Il s'agira, tout d'abord, d'organiser un dispositif diversifié d'hébergement permettant d'accueillir des mineurs 24 h sur 24 et de les éloigner « pendant la durée nécessaire [...] en raison de la gravité des faits commis ». En outre, un ou plusieurs foyers seront spécia lisés dans l'accueil des moins de 16 ans, dans chacun des 26 départements prioritaires.
L'une des ambitions est également de mieux articuler le secteur de psychiatrie infanto-juvénile avec les éducateurs de la PJJ. A ce sujet, un accueil spécifique pour les adolescents sera développé, lorsqu'il n'existe pas, dans les secteurs de psychiatrie des départements concernés.
Le gouvernement a également promis de renforcer les capacités d'accueil des placements familiaux, à hauteur de 150 places supplémentaires dès 1999. De même, dans les départements sensibles, il compte ouvrir de nouveaux foyers dans le secteur public et réserver des places dans le secteur associatif afin, précise-t-il, « d'assurer la prise en charge de 120 mineurs délinquants supplémentaires dès 1999 ». Quant aux dispositifs éducatifs renforcés, leur nombre devrait être porté de 13 à 20, fin 1999. Dernier engagement : des psychologues et des infirmières devraient être recrutés dans les foyers en vue de « faire le lien » avec les dispositifs de santé publique.

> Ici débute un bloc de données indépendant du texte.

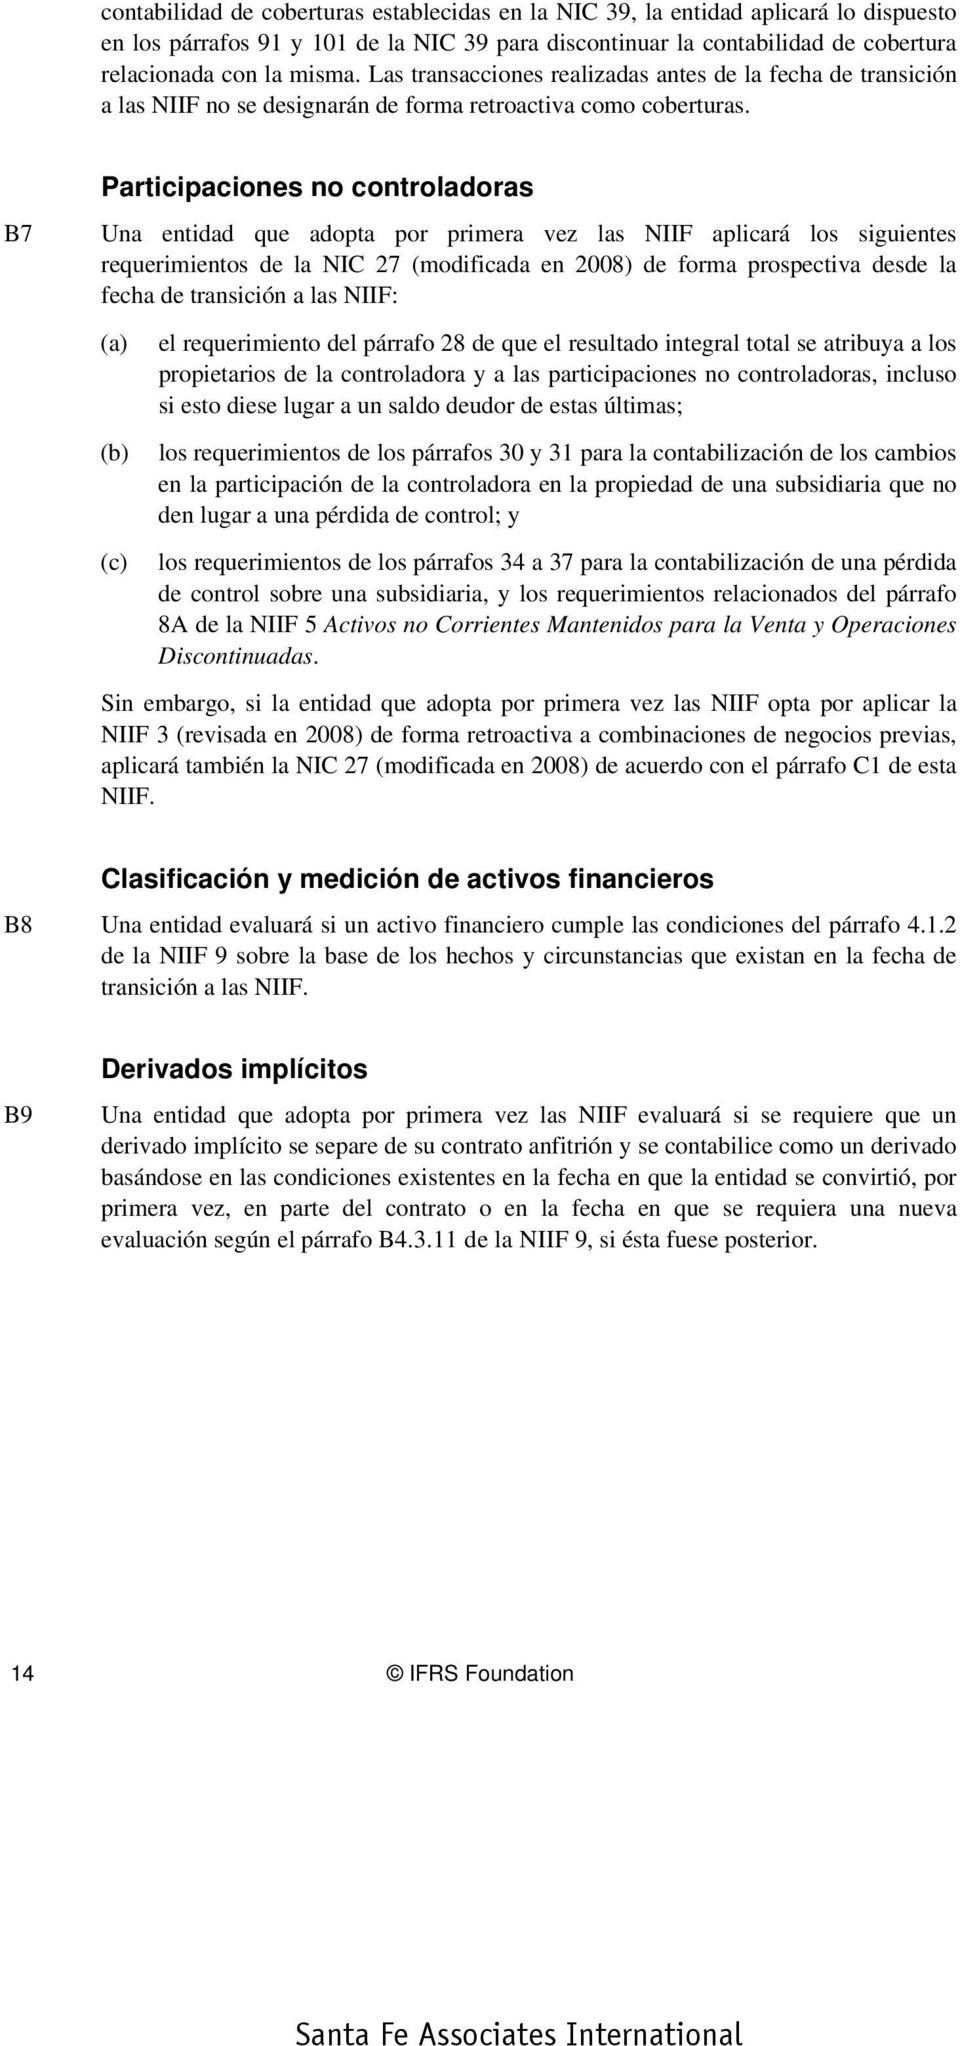 B7 Participaciones no controladoras Una entidad que adopta por primera vez las NIIF aplicará los siguientes requerimientos de la NIC 27 (modificada en 2008) de forma prospectiva desde la fecha de

Le gouvernement souhaite améliorer les conditions de détention des mineurs, sachant que 3 495 mineurs ont été incarcérés en 1997. A cet effet, des petits quartiers de 20 à 50 places, réservés aux mineurs ou aux jeunes majeurs, devraient être créés ou réaménagés, en priorité en Ile-de-France. Et la carte pénitentiaire des quartiers pour mineurs revue. Là aussi, aucune date n'a été annoncée.
Il est également prévu de renforcer les personnels médicaux, socio-éducatifs et enseignants, au sein des établissements pénitentiaires prenant en charge les jeunes détenus.

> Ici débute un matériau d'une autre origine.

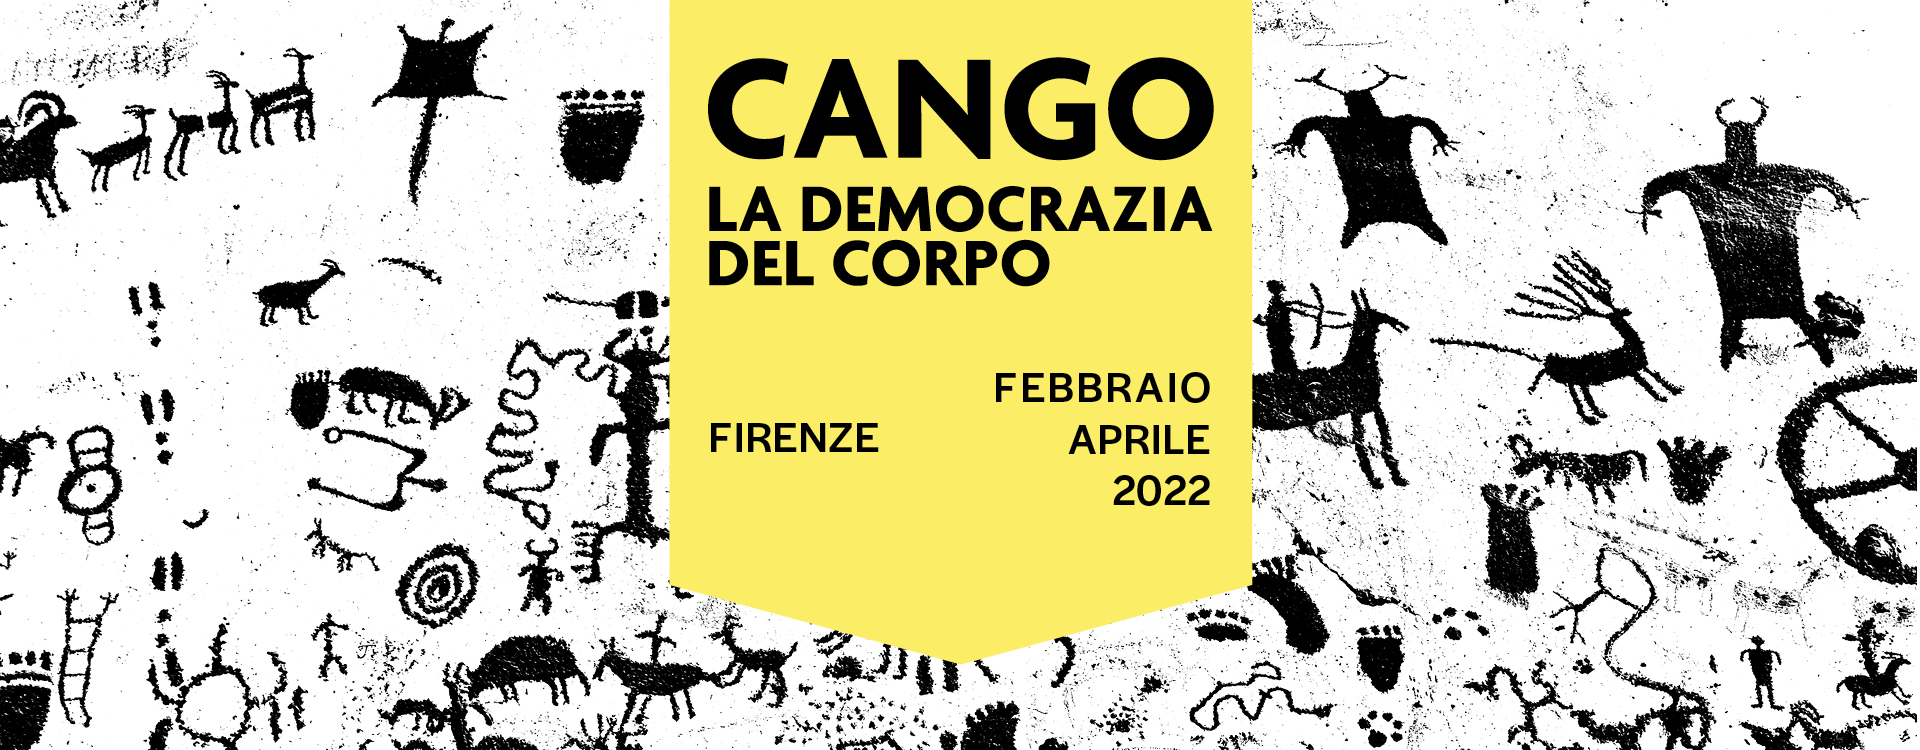 03-DEMOCRAZIA-2022-COVER-PAGINA-PROGRAMMA-SITO

Comment le gouvernement compte-t-il mettre en œuvre ses orientations ? Son intention est de les inscrire dans « une géographie prioritaire » en mobilisant les intervenants « autour d'un projet territorialisé ». Dans le cadre d'une programmation pluriannuelle, ses moyens - non encore définis - devraient être concentrés, en priorité, dans les villes des 26 départements les plus touchés par la délinquance.
Les interventions des services de l'Etat seront mieux coordonnées au niveau local. Ainsi, au sein de la police nationale, la compétence des brigades des mineurs devrait être étendue« au traitement de certains actes commis par les mineurs », en particulier en milieu scolaire dans les départements prioritaires. Et le nombre des brigades de prévention de la délinquance juvénile de la gendarmerie porté de 10 à 20 dès 1998. Parallèlement, dans chaque circonscription de sécurité publique, un« correspondant local police-jeune »sera chargé, notamment, de tenir un« tableau de bord » de la délinquance juvénile. Au-dessus de lui, un référent départemental centralisera l'ensemble des informations. Ce dispositif devant, également, être étendu à la gendarmerie. Enfin, un« effort massif » de formation est annoncé en direction des fonctionnaires participant au maintien de l'ordre et des formations communes seront ainsi instituées avec des professionnels sociaux, sanitaires et éducatifs, au niveau des quartiers.
De son côté, la justice des mineurs « sera valorisée et réorganisée par le renforcement de la spécialisation des parquets en matière de mineurs et des juges d'instruction », indique le gouvernement. Et une fonction de coordination sera confiée aux vice-présidents des tribunaux pour enfants et aux conseillers délégués à la protection de l'enfance. « Des postes de magistrats, notamment de juges des enfants, seront créés à cet effet », ont promis les ministres.
Mais surtout, le plan prévoit un nouveau projet pour la PJJ. Outre une rédéfinition de ses missions (notamment autour du diagnostic et de l'orientation des mineurs délinquants et de la prise en charge des jeunes les plus difficiles), elle devrait voir ses moyens « renforcés » et son organisation adaptée « grâce à une déconcentration de ses personnels ». Elisabeth Guigou n'ayant donné aucune indication concrète sur ce chantier.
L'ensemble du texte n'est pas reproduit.